$1.4 Million In Revenue Sharing, Track Championship Sites Approved By Central Board of Control
The Alabama High School Athletic Association Central Board of Control for the second straight year approved returning $1.4 million to its member schools under its Revenue Sharing Plan. The action was taken Wednesday at its annual summer meeting in Montgomery. The Central Board also approved Gulf Shores (4A, 5A, 6A, 7A) and Cullman (1A, 2A, 3A) as host sites for the AHSAA Outdoor Track and Field Championships for the next three years (2015-17).
The AHSAA Legislative Council also met Wednesday.
The Revenue Sharing Plan, approved first by the Central Board in 2009, will have returned $6 million to its member schools in the five years of the program once 2013-14 school year payments are sent out next month. The formula for the distribution of funds includes a differential between classifications and the number of sports played by non-football-playing schools. The plan returns excess funds back to the schools when the AHSAA has at least one year’s working capital in reserve.
Also, for the 22th consecutive year, the Central Board voted to waive membership dues to all member schools – a cost savings of more than $75,000 annually.
“I want to thank the Central Board for their strong leadership,” said Executive Director Steve Savarese. “Returning another $1.4 million to our schools and waiving the annual membership dues are certainly important boosts to the financial well being of our schools.”

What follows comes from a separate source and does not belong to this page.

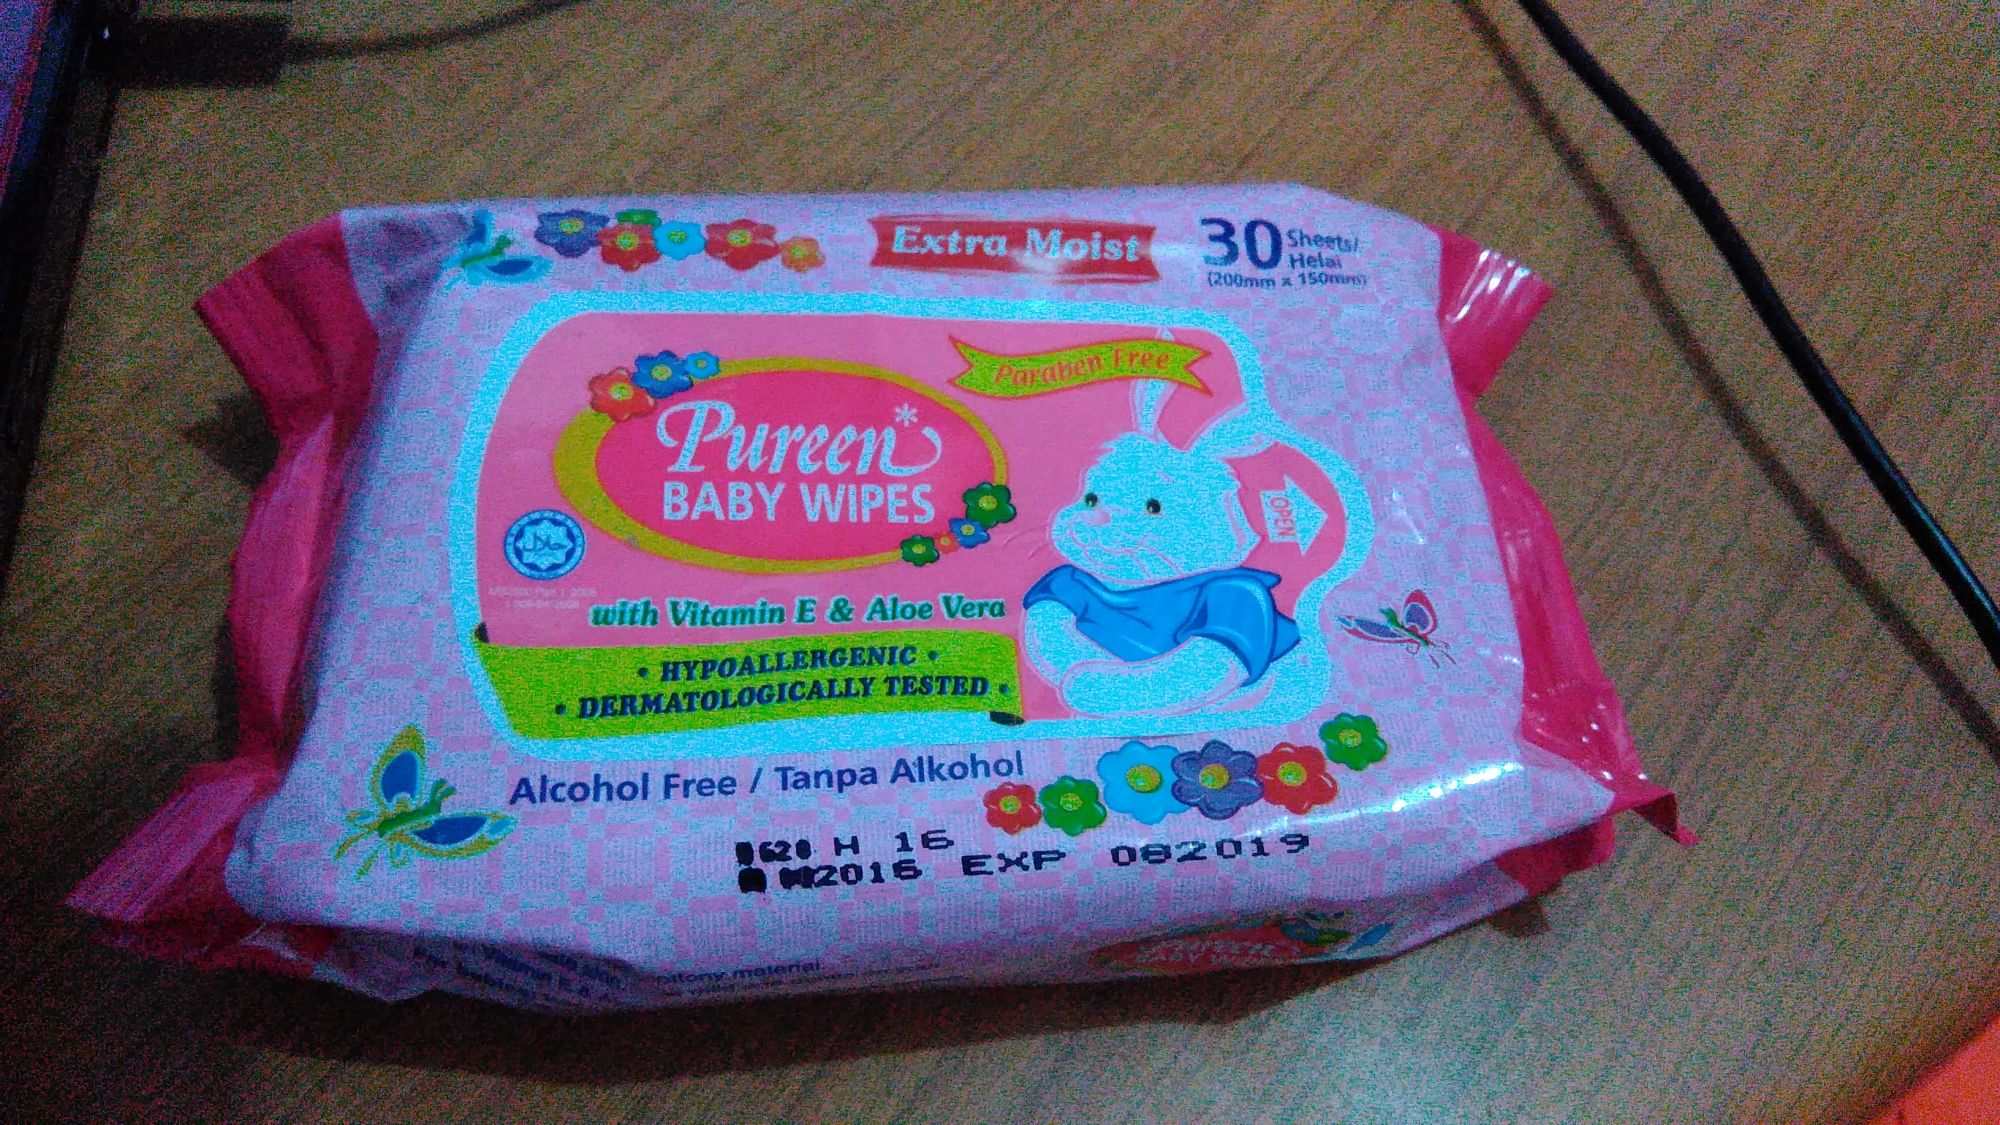 Pureen Baby Wipes in Pink Packaging reviews

The board also approved area and section adjustments and championshionip play for soccer to the following groupings: Class 1A-3A, Class 4A-5A, Class 6A and Class 7A. The move reduces travel for member schools, more equally aligns each group and also accommodates the growth in boys and girls soccer.
Three new Central Board members were also sworn in by AHSAA Associate Executive Director Tony Stallworth, including Dr. Stephanie Robinson, principal of Fultondale High School; Darren Douthitt, Superintendent of Education of Anniston Schools; and Larry Raines, representing the Alabama State Board of Education.
In other Central Board action:
– Approved the financial reports for the spring championships in soccer, softball, baseball and track. Attendance and revenue was up overall from 2013.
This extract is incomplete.